Introduire de la vitamine A dans les cultures
En Août 1999, la revue Science a servi de vitrine au riz enrichi
en vitamine A. Ce riz génétiquement modifié produit
du bêta-carotène dans son endosperme, ce qui lui donne sa
couleur jaune significative, d'où le nom de " riz doré
". Les fonds utilisés pour fabriquer ce riz proviennent de
la Fondation Rockfeller et de la Commission Européenne. Etant donné
qu'il a été mis au point en dehors du secteur privé,
le " riz doré " est devenu un outil fort utile et opportun
dans les relations publiques pour les promoteurs des manipulations génétiques.

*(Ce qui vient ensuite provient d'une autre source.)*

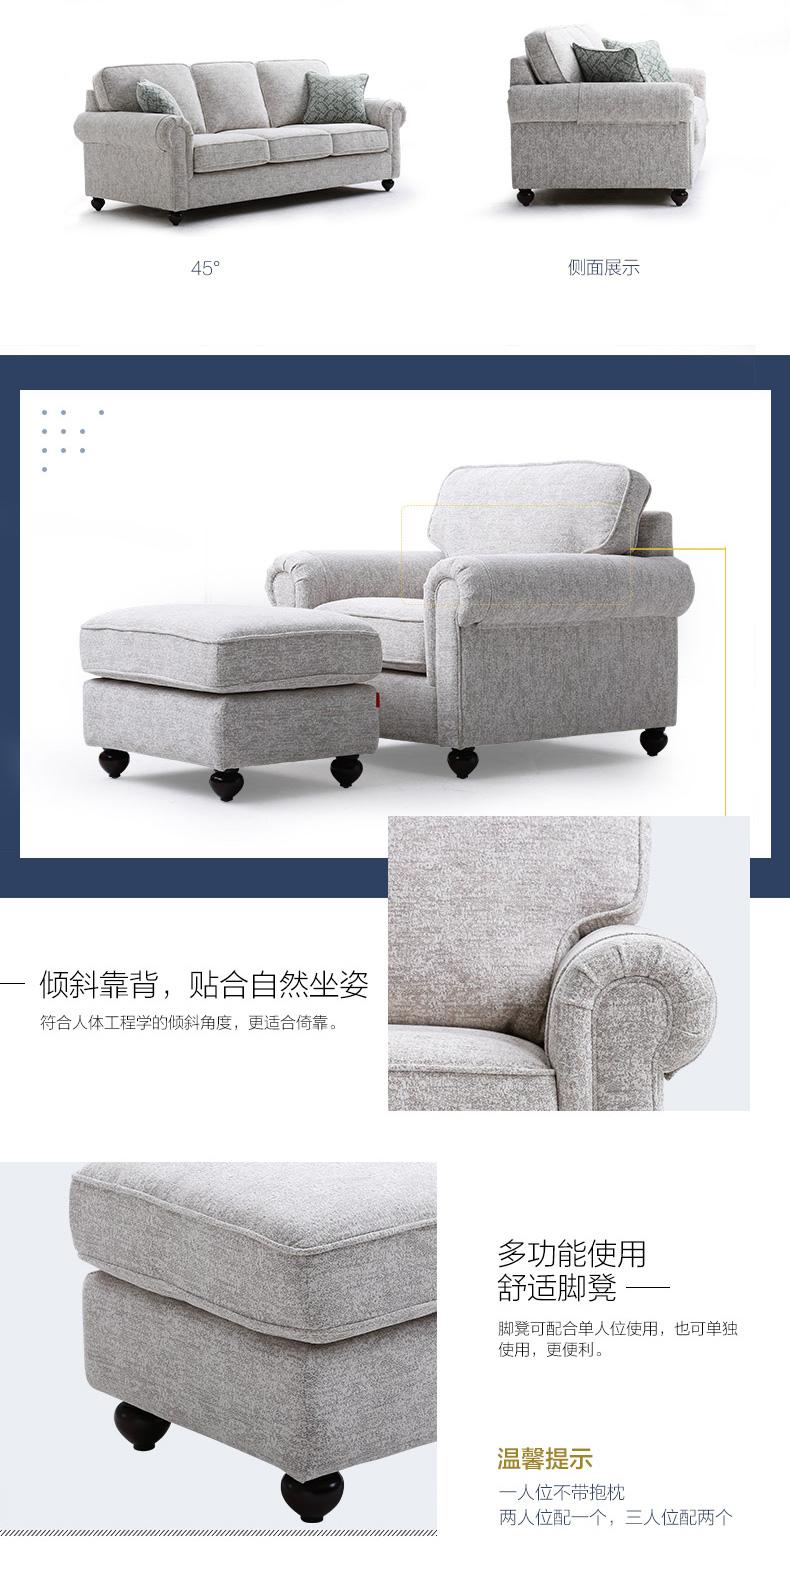 顾家-简约美式可拆洗布艺沙发2030_11.jpg

Parallèlement, Monsanto avait mis au point un plant de moutarde
riche en bêta-carotène, que la firme a prévu de distribuer
aux agriculteurs pauvres du monde entier. Par l'intermédiaire du
partenariat global sur la vitamine A et d'investisseurs locaux, Monsanto
a promis de mettre au point des variétés appropriées
pour les régions les plus défavorisées. Ce don a
permis à Monsanto d'insister sur la pertinence de la biotechnologie
agricole face aux problèmes que rencontrent les plus pauvres, de
faire adopter la technologie au nom du bien public et de contrecarrer
la mauvaise réputation qu'elle s'était faite, particulièrement
en Europe et en Inde.
Le " riz doré " est le fruit du travail de deux équipes
de recherche allemandes sous la direction du Dr Ingo Potrykus de l'Institut
Suisse de Technologie de Zurich et du Dr Peter Beyer de l'université
de Fribourg. L'idée d'introduire génétiquement du
bêta-carotène dans du riz a émergé il y a neuf
ans, au vu des rapports de l'UNICEF et de l'OMS sur l'incidence grave
de la CVA dans les pays où le riz constitue la base de l'alimentation.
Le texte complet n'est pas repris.